"In general my research interests focus on the interaction between intracellular pathogens and their host cell. More specifically my laboratory has been studying the nature of the interaction between macrophages and the bacterial pathogen Mycobacterium. Intriguingly, the macrophage acts as both host cell and effector cell in the eradication of these infections. Mycobacterium spp. remain intravacuolar throughout their intracellular infection. However in contrast to the normal pathway of phagosome maturation, Mycobacterium spp. maintain their vacuoles as a non-acidic compartments that do not fuse with lysosomes. Despite this mycobacterial vacuoles remain highly dynamic, accessible to both sphingolipids and transferrin from the cell surface. Pathogenic Mycobacterium species have evolved a strategy to arrest the normal maturation process of their phagosome. The elucidation of this process is being studied through analysis of host cell kinases responsible for the differentiation of maturing endosomes, and through the isolation of transposon-mutagenized Mycobacterium tuberculosis that are defective in arresting phagosome maturation.

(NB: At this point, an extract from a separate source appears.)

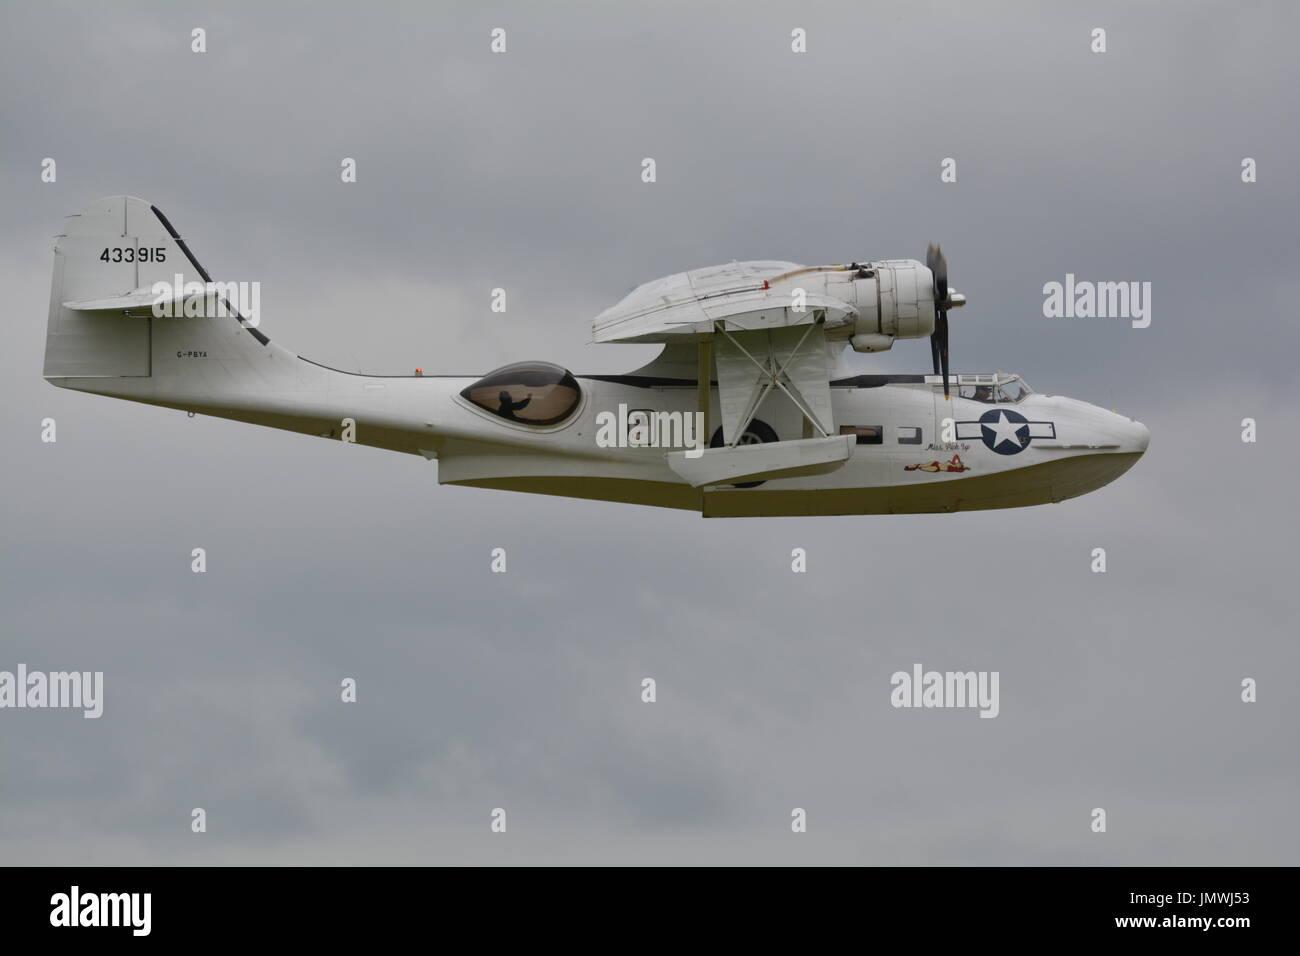 Amphibious Airplane Stock Photos & Amphibious Airplane Stock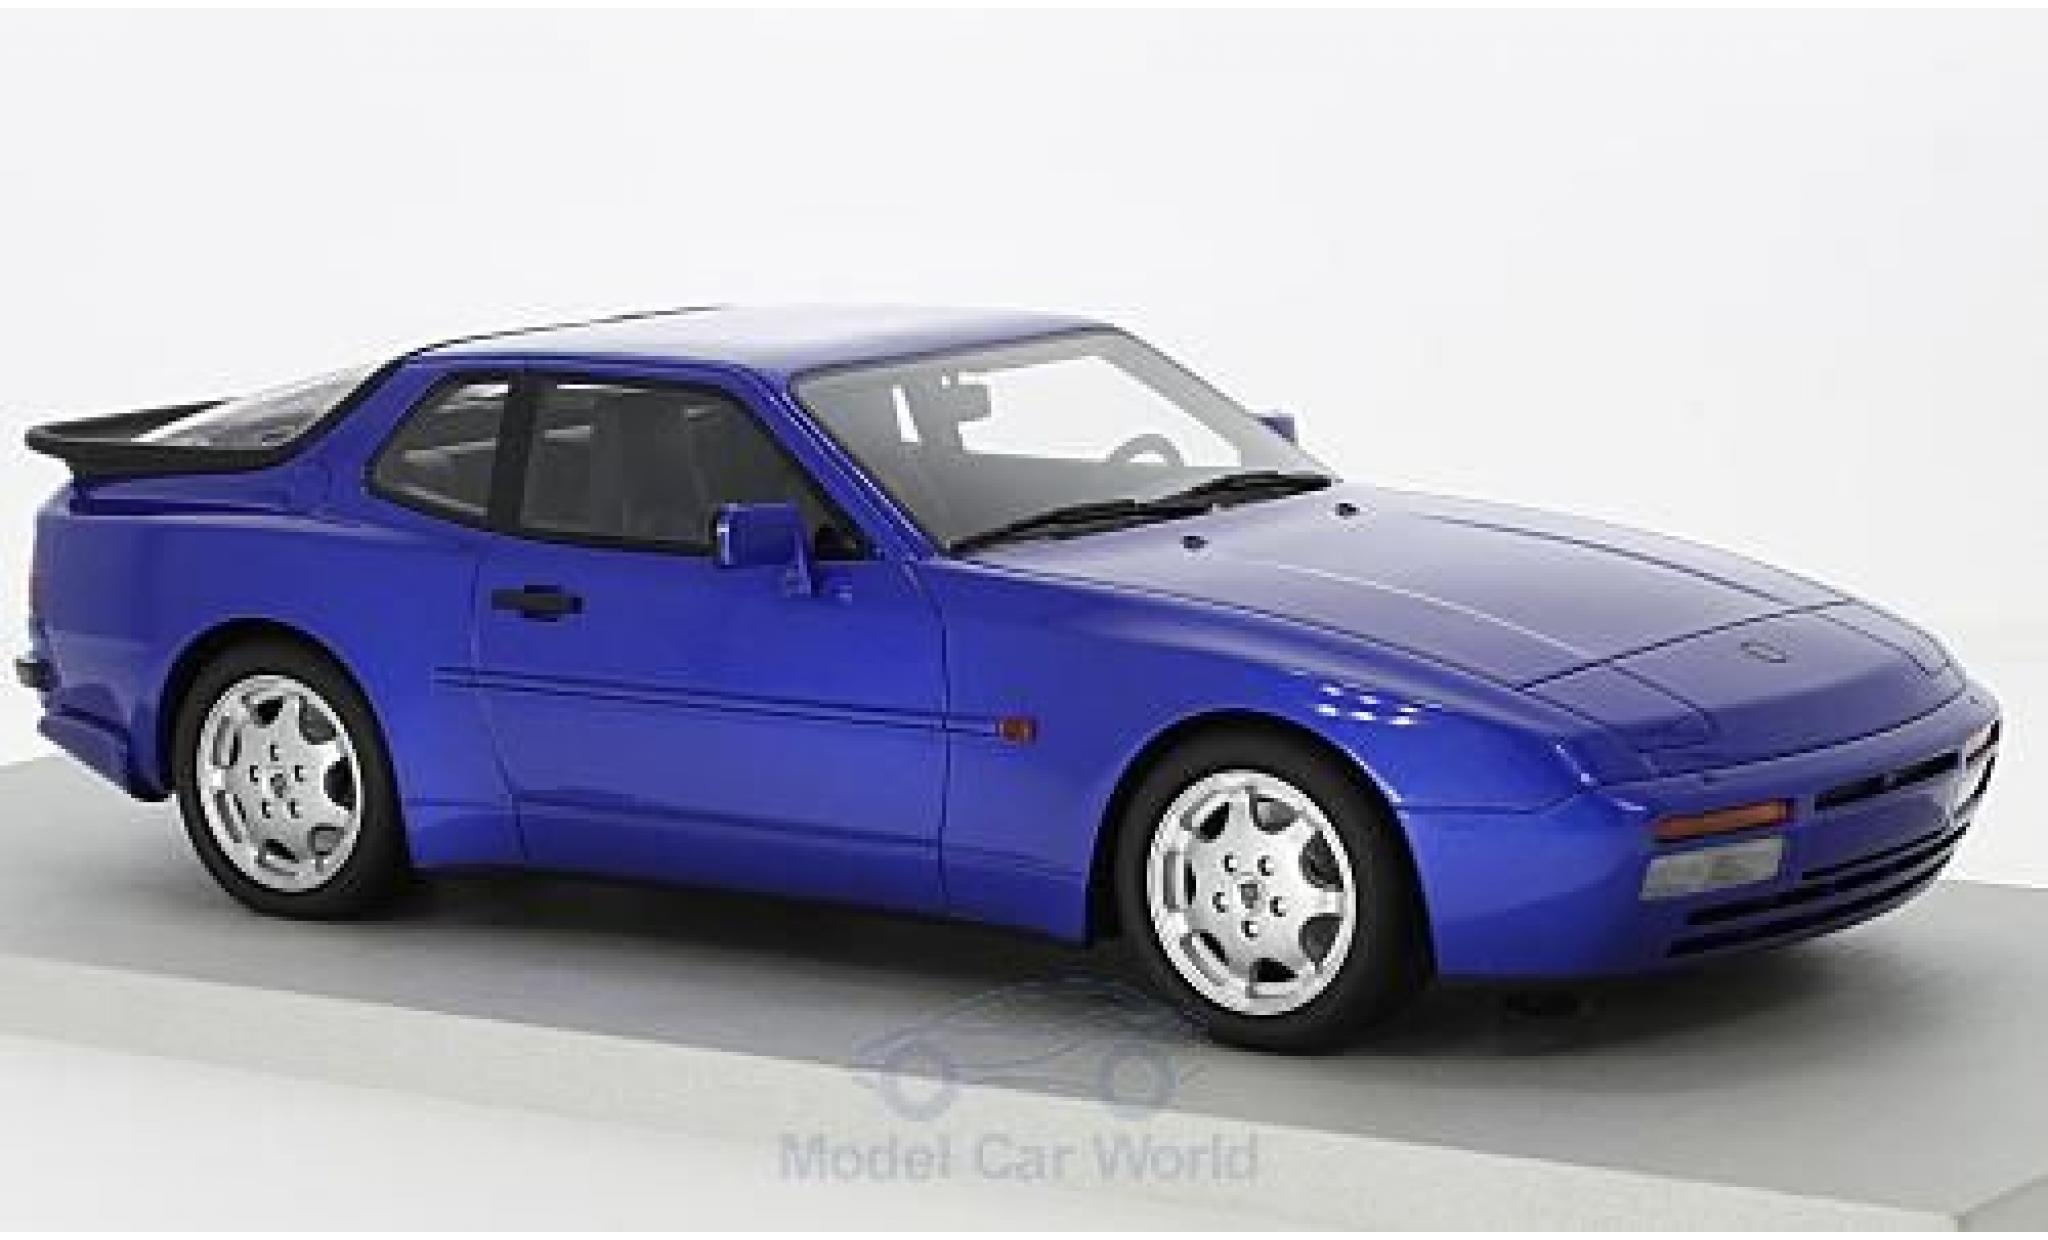 Porsche 944 1991 1/18 Lucky Step Models Turbo S metallise blue

Upon activation of the host macrophage with cytokines such as interferon-g, the vacuoles containing the bacteria acidify and are capable of fusing with lysosomes. This transition takes place even if the bacteria are still fully viable. Recent work in the lab has shown that this alteration in environment leads to a switch in bacterial metabolism. Under such conditions the bacteria need to mobilize the glyoxylate pathway for catabolism of fatty acids in order to sustain an infection in an immune competent host. Bacteria that have had their isocitrate lyase gene deleted establish, but cannot sustain, infection in both mice or macrophages activated in culture. Our ongoing studies involve targeting other enzymes in this carbon-acquisition pathway, screening for inhibitors of isocitrate lyase and malate synthase as possible lead compounds for drug development, and identification of the sensor/effector pathways that enable the bacterium to detect the environmental shift and change their pattern of gene expression.

Our interest also extends to the environment surrounding the infected macrophages. All Mycobacterium spp. induce granulomas at site of infection. These granulomas serve to restrict spread of infection, yet they also provide a relatively safe haven for the bacterium because they retain the cellular immune response at a distance from potential effector macrophages. Cell wall lipids that are actively released by the bacteria are potent stimulators of granuloma formation and, when added to polystyrene spheres and inoculated into mice, they induce a granulomatous reaction. In an immunized recipient this tissue development is enhanced markedly and we are using this model to dissect out the immune processes responsible for building the granuloma."